Altered fast synaptic transmission in a mouse model of DNM1-associated developmental epileptic encephalopathy

Abstract

Developmental epileptic encephalopathies (DEEs) are severe seizure disorders that occur in infants and young children, characterized by developmental delay, cognitive decline, and early mortality. Recent efforts have identified a wide variety of genetic variants that cause DEEs. Among these, variants in the DNM1 gene have emerged as definitive causes of DEEs, including infantile spasms and Lennox-Gastaut syndrome. A mouse model of Dnm1-associated DEE, known as “Fitful” (Dnm1^Ftfl), recapitulates key features of the disease, including spontaneous seizures, early lethality, and neuronal degeneration. Previous work showed that DNM1 is a key regulator of synaptic vesicle (SV) endocytosis and synaptic transmission, and suggested that inhibitory neurotransmission may be more reliant on DNM1 function than excitatory transmission. The Dnm1^Ftfl variant is thought to encode a dominant negative DNM1 protein, however, the effects of the Dnm1^Ftfl variant on synaptic transmission are largely unknown. To understand these synaptic effects, we recorded from pairs of cultured mouse cortical neurons and characterized all four major connection types (E-E, E-I, I-E, I-I). Miniature and spontaneous EPSCs and IPSCs were larger, but less frequent, at all Dnm1Ftfl synaptic types, and Dnm1Ftfl neurons had reduced expression of excitatory and inhibitory SV markers. Baseline evoked transmission, however, was reduced only at inhibitory synapses onto excitatory neurons, due to a smaller pool of releasable SVs. In addition to these synaptic alterations, Dnm1Ftfl neurons degenerated later in development, even though their activity levels were reduced, suggesting that Dnm1Ftfl may impair synaptic transmission and neuronal health through distinct mechanisms.

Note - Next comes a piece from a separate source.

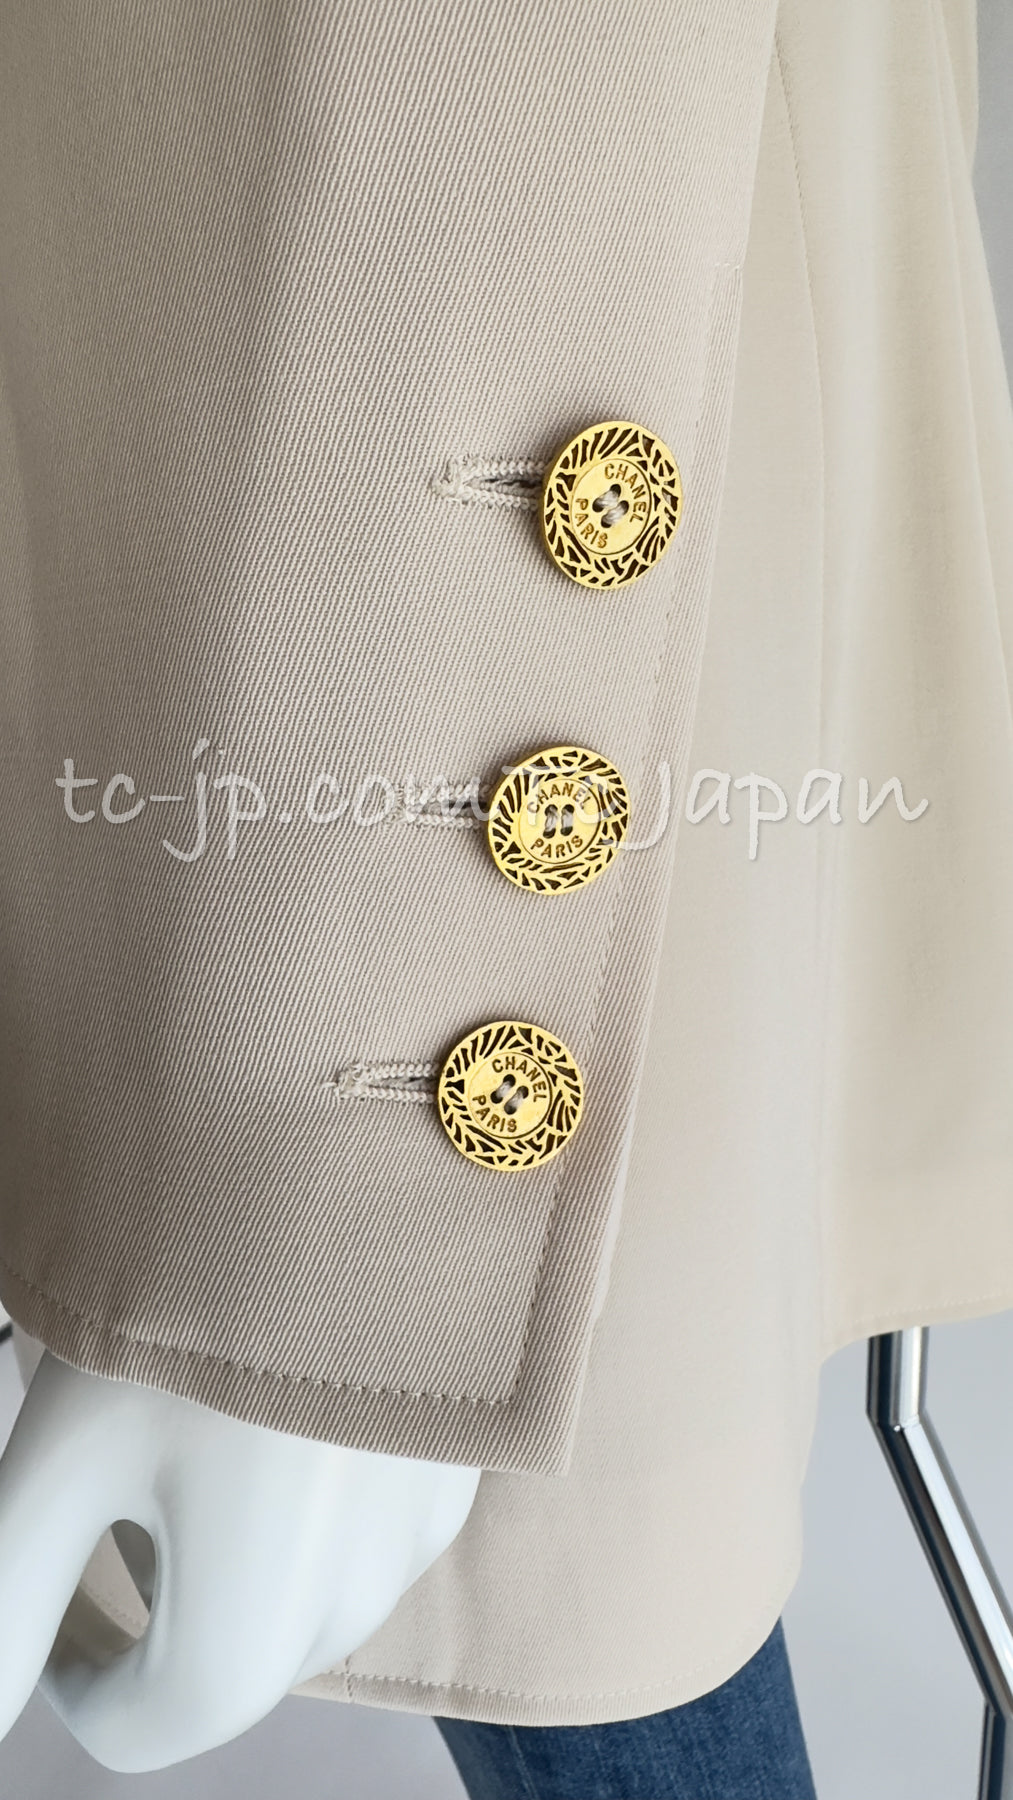 CHANEL 97S Vintage Beige Gold Buttons Wool Blazer Jacket 40 シャネル ヴィンテージ・ベージュ・ゴールド・ボタン・ウール・ブレザー・ジャケット 即発

Significance Statement Recent work has identified genetic variants in DNM1 as among the more common causes of developmental epileptic encephalopathies (DEEs), but the physiological consequences of its mutation are unclear. Here, we make use of an in vitro model of Dnm1-associated DEE to determine the effects of a Dnm1 variant on the four main cortical synapse types. The variant caused both synapse-specific and synapse-wide alterations, and decreased neuronal activity. Despite this, neurons still degenerated after two weeks in vitro, suggesting that neuronal degeneration in these mice may be independent of seizures, and that stopping seizures may do little to mitigate key features of DEEs.